Effect Of Anesthesia In Surgery Of Prostate Cancer – Part 1 of 3

Effect Of Anesthesia In Surgery Of Prostate Cancer. For men having prostate cancer surgery, the sort of anesthesia doctors use might make a balance in the odds of the cancer returning, a new study suggests. Researchers found that of nearly 3300 men who underwent prostate cancer surgery, those who were given both general and regional anesthesia had a lower risk of seeing their cancer move along than men who received only general anesthesia. Over a period of 15 years, about 5 percent of men given only general anesthesia had their cancer recur in their bones or other sites, the researchers said.
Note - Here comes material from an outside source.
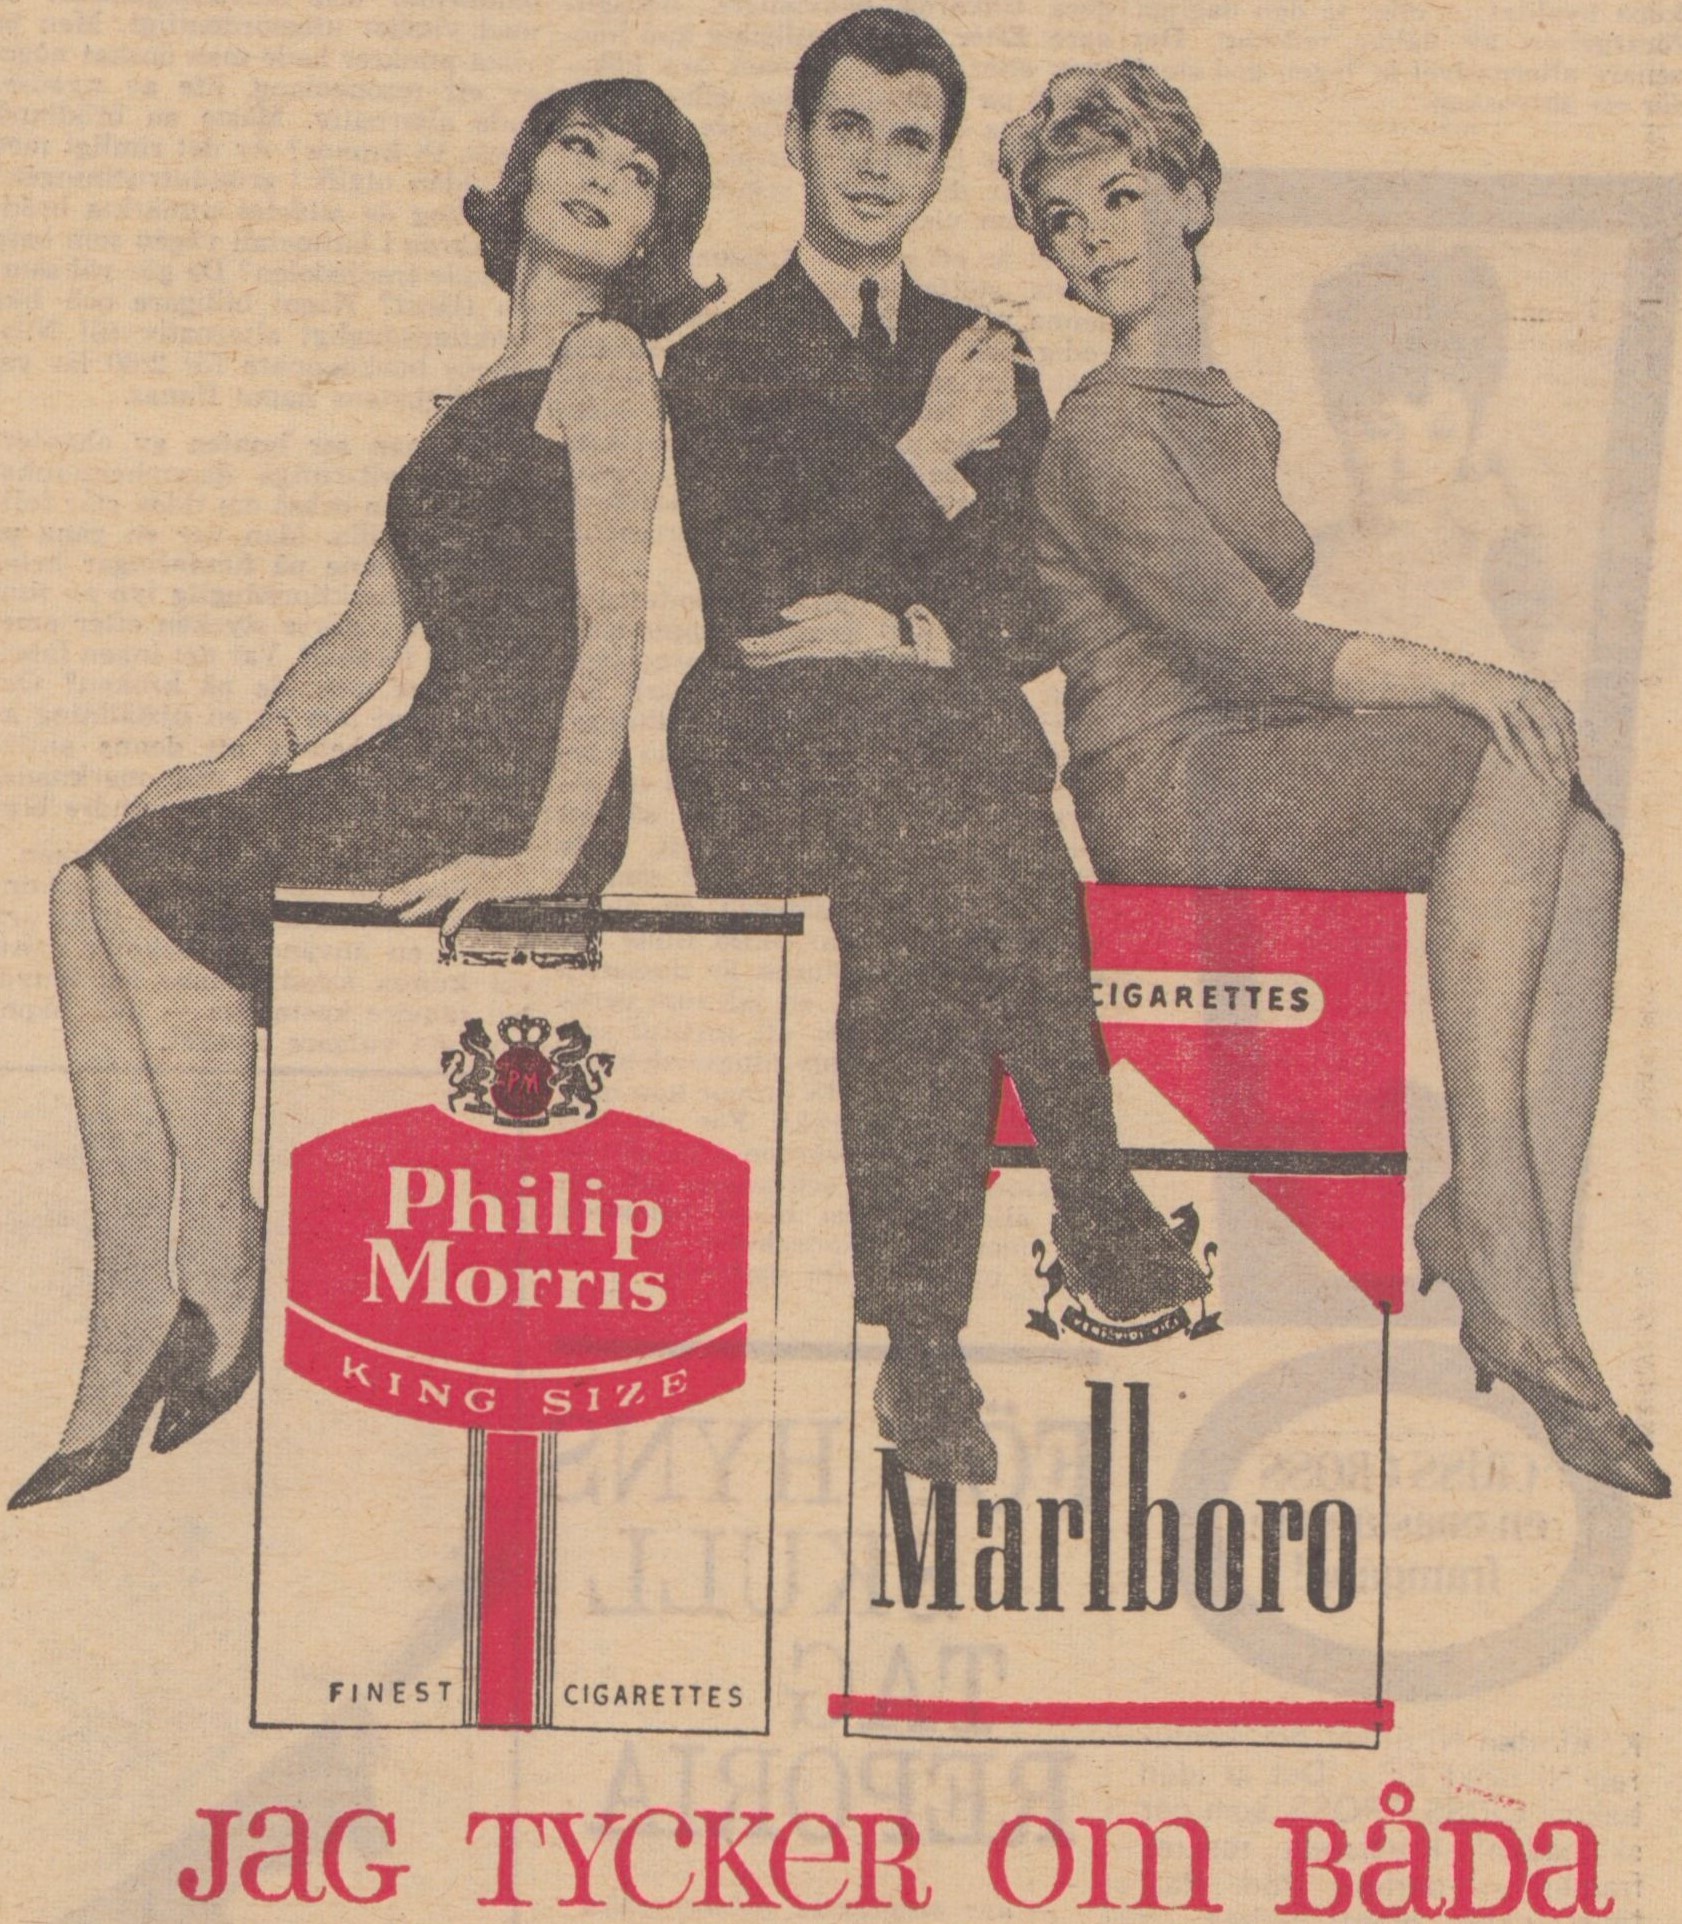 Tidningsreklam, man omgiven av två vackra kvinnor på cigarettpaket från Philip Morris och Marlboro. Text: Jag tycker om båda.

That compared with 3 percent of men who also received regional anesthesia, which typically meant a spinal injection of the analgesic morphine, plus a numbing agent. None of that, however, proves that anesthesia choices later affect a prostate cancer patient’s prognosis. “We can’t conclude from this that it’s cause-and-effect,” said senior researcher Dr Juraj Sprung, an anesthesiologist at the Mayo Clinic in Rochester, Minn.

But one theory is that spinal painkillers – peer the opioid morphine – can make a difference because they curb patients’ need for opioid drugs after surgery. Those post-surgery opioids, which feign the whole body, may decrease the immune system’s effectiveness. That’s potentially important because during prostate cancer surgery, some cancer cells usually dodge into the bloodstream – and a fully functioning immune response might be needed to kill them off. “If you avoid opioids after surgery, you may be increasing your ability to fight off these cancer cells.